Here is my approach for the first algorithm:

(1) define our sample space. Since the returned output is a pair, maximum and second maximum could be anywhere in the array. For each maximum, there are $(n-1)$ possible index for second maximum, and we have $n$ possible index for the maximum value; So sample space: $S = \{(A[0],A[1]),(A[0], A[2]),(A[0],A[3]),\dots\}$ and so on.

Define an indicator $I_i = 1$ iff $A[i] > \max \{A[0], A[1], \dots, A[i-1]\}$.

The total expected comparison of comparing to maximum would be $$\mathbb{E} (\sum_{i=0}^n I_i) = \sum_{i=0}^n \mathbb{E}(I_i) = \mathrm{Prob}(A[i] > \max \{A[0], A[1],\dots, A[i-1]\}) = \frac{n+1}{2}.$$

where $$\mathrm{Prob}(A[i] > \max \{A[0], A[1], \dots, A[i-1]\}) = \frac{i}{n}$$ because under the sorted array, we have $\frac{i}{n}$ chance of choosing a integer that greater than $A[0], A[1],\dots,A[i-1]$.

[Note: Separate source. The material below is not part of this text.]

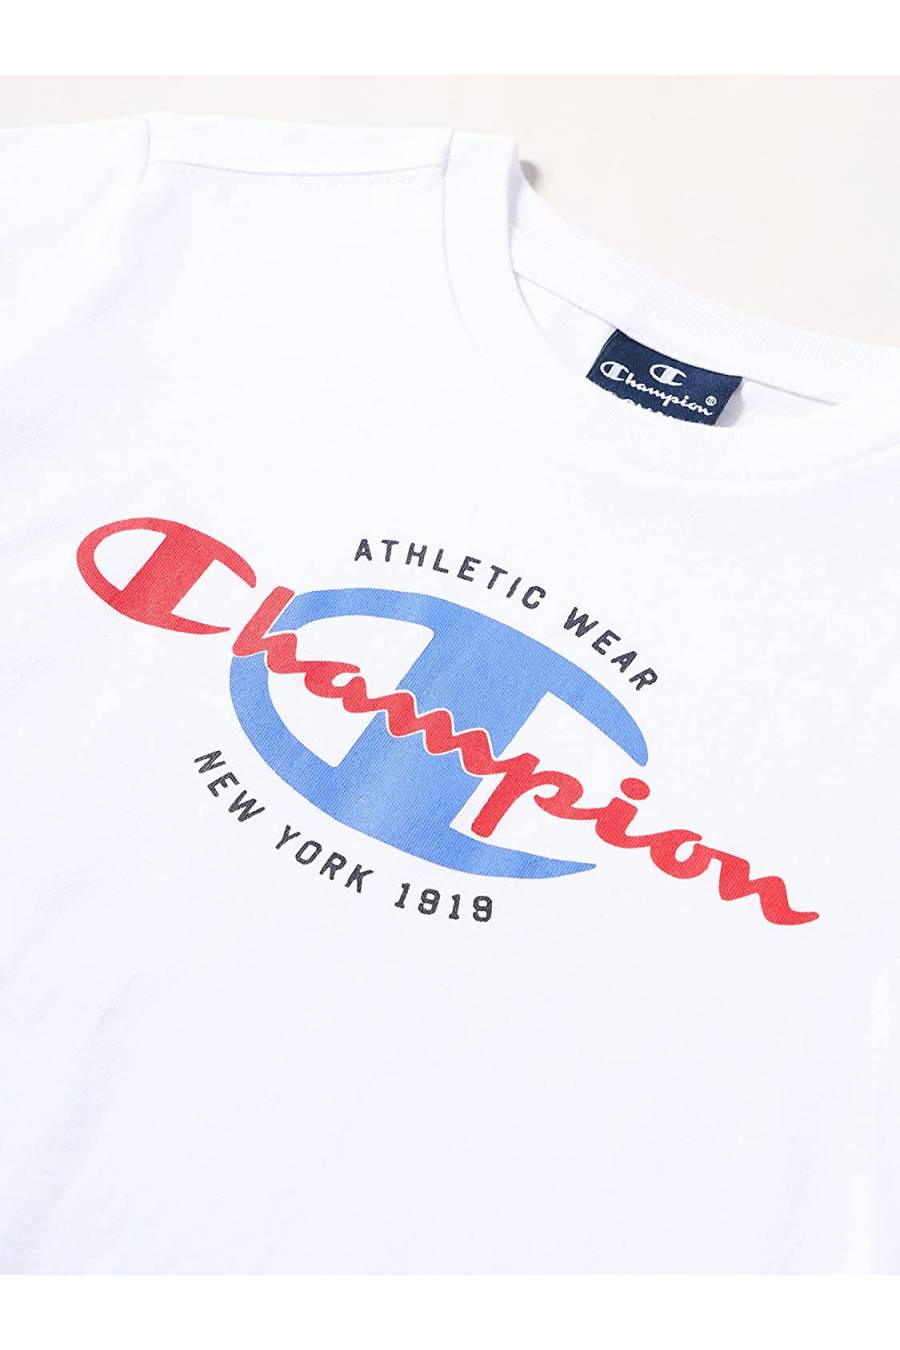 Camiseta Champion Crewneck 306307-WW001

Now similar, the total expected comparison of comparing to second maximum would be same; and we sum two parts together up is $n+1$.

Is this a good way of approaching? If so, I also want to know some other ways of doing it, for example, define a different random variable to solve the second function.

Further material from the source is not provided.